We call these the constitution, or maybe just norms, and they only work when everyone makes a reasonable attempt to uphold them. If one side sticks to them while the other doesn’t, they’ll lose.
So when you oppose Trump, remember that your job isn’t to live by the norms, but to restore a world where those norms are upheld. Stay within the law, but don’t give his administration the benefit of the doubt it doesn’t deserve. He’s out to destroy the North American constitutional tradition, and replace it with the South American one.
And there was a reason, when I was growing up in Argentina, we had regular power cuts, you couldn’t make international phone calls unless you went to a special phone booth and the bank notes had 000’s and 000’s on them: populism is just a worse way to run a country than a liberal democracy with a separation of powers and a market economy.
Narrow victory
It would be one thing, if Trump had won by a massive landslide, and all America had chosen his policies.
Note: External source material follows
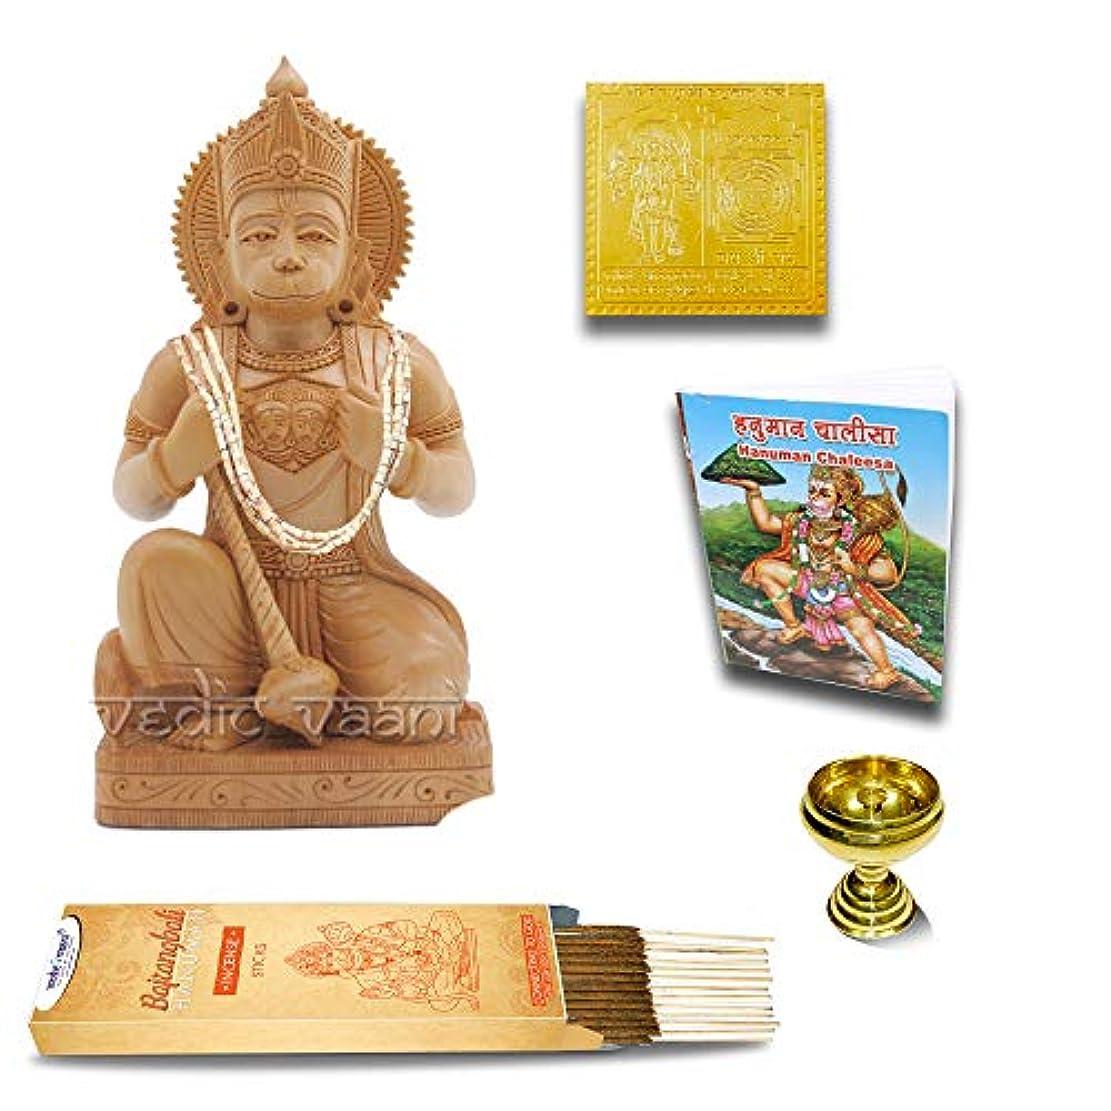 印象的ブルゴーニュ個性Vedic Vaani Ram Bhakat Hanuman 木製像 ヤントラ チャリサ ディヤ お香スティック付き 100gm

But this is not true. As the counting continues, it’s clear he got less than 50% of the vote. His lead over Kamala Harris is about 1.5% of the vote. In the House of Representatives, the Republicans will likely have a majority of 2. In the senate the Democrats won races in Wisconsin, Michigan and Arizona. Had Harris carried those, she would have lost by only 4 electoral votes. Had she carried North Carolina, where the Democrats won the governorship, she would have won narrowly, with 278 electoral votes to Trump’s 260.
This was not a two-party landslide, like Obama, in 2008, who won 365 to John McCain’s 173 (Bill Clinton’s electoral college votes were inflated by Ross Perot, the Trumpist avant la lettre), or HW Bush’s 426-111 against Mike Dukakis, let alone Reagan’s 525-13 thrashing of Walter Mondale.
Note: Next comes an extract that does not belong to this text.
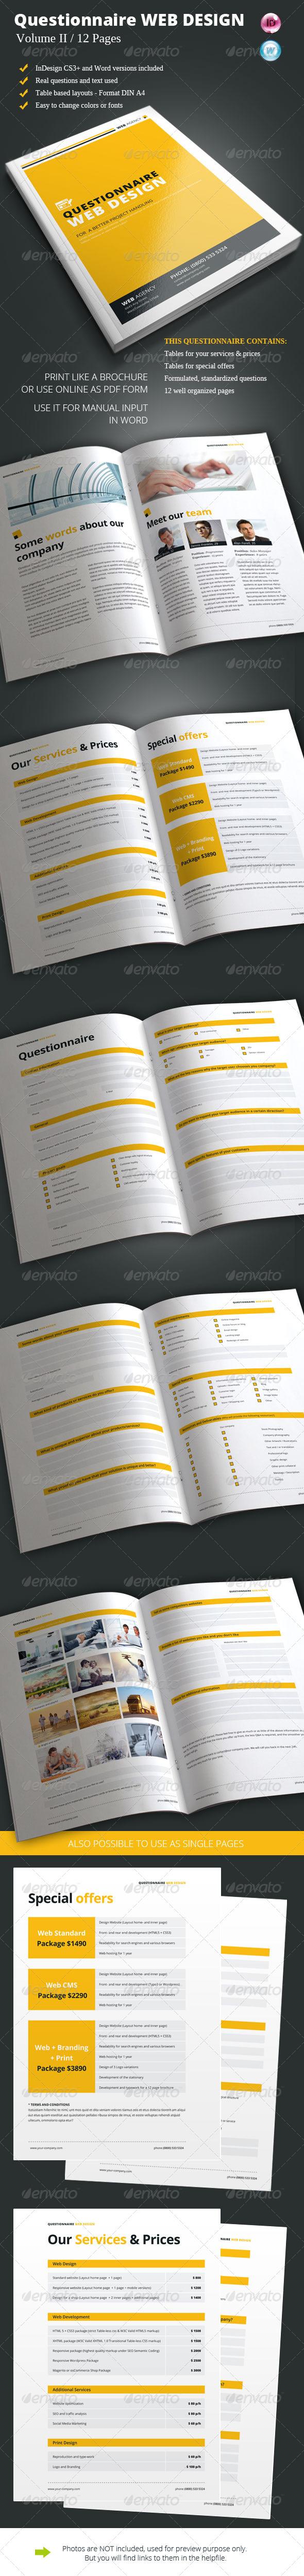 GraphicRiver Questionnaire Web Design Vol II 6837693
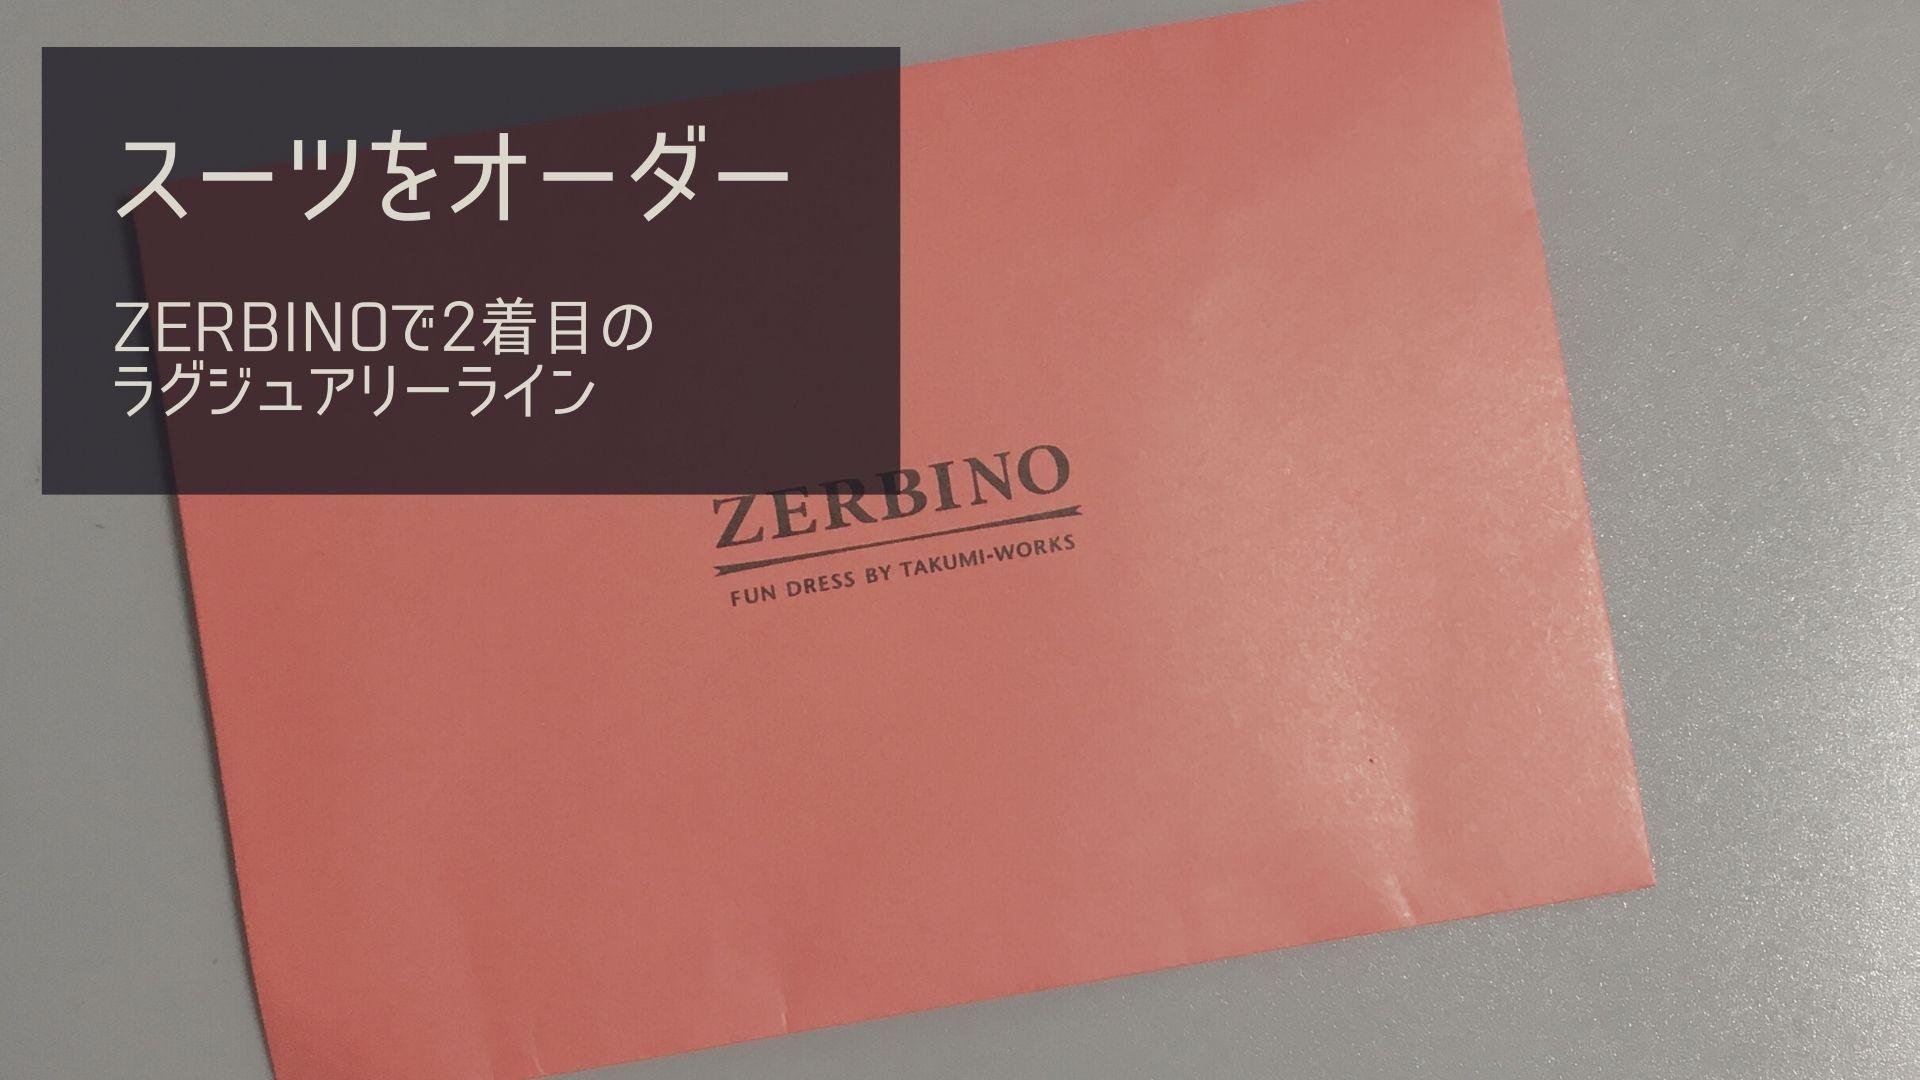 ゼルビーノ

Let’s not forget that Nixon won 520 electoral votes to George McGovern’s 17 (and 60% of the popular vote). That didn’t stop Americans opposing him, and he was out. impeached and convicted by the Senate, two years later.
Sure, Trump’s control over the Republican party appears stronger than we remember Nixon’s to be. But he’s only strong as long as he’s popular. When he stops being popular, the Senators and Congressmen will look after their own reelection first.
Trump won the right to govern, but not to change the system of government. And even the right to govern doesn’t give him the right to override other constitutionally defined powers. You have every right — maybe the duty — to oppose.
Oppose the Trumpists, wherever you find them
Now the job is to make things as difficult for him as possible. Ukrainians in New York and Poles in Illinois: call your Republican congressmen. Don’t let them abandon Ukraine. Meat-packing plant owners: demand they resist his attempts to deport your workforce. Pore over the careers of the incompetent loyalists he wants to appoint to the executive branch and run ads in swing districts about them. He won by an edge, and that edge can be taken away.
But don’t forget, the purpose of opposition is not to scream and shout at the system but to assemble a majority at the next election to beat Trump, and that means some people who voted for him this time, will have to vote against him in the 2026 mid-terms.
Trump thrives on his ability to get people to imagine he wouldn’t actually do the stuff that he does — but he will. His special power is his ability to fool people with his goofiness. So be nice to the people he fooled, make them feel good about changing their minds and repudiating him. Use every opportunity to persuade them he’s let them down.
Oh, and drop “Latinx” - you can’t pronounce it in Spanish.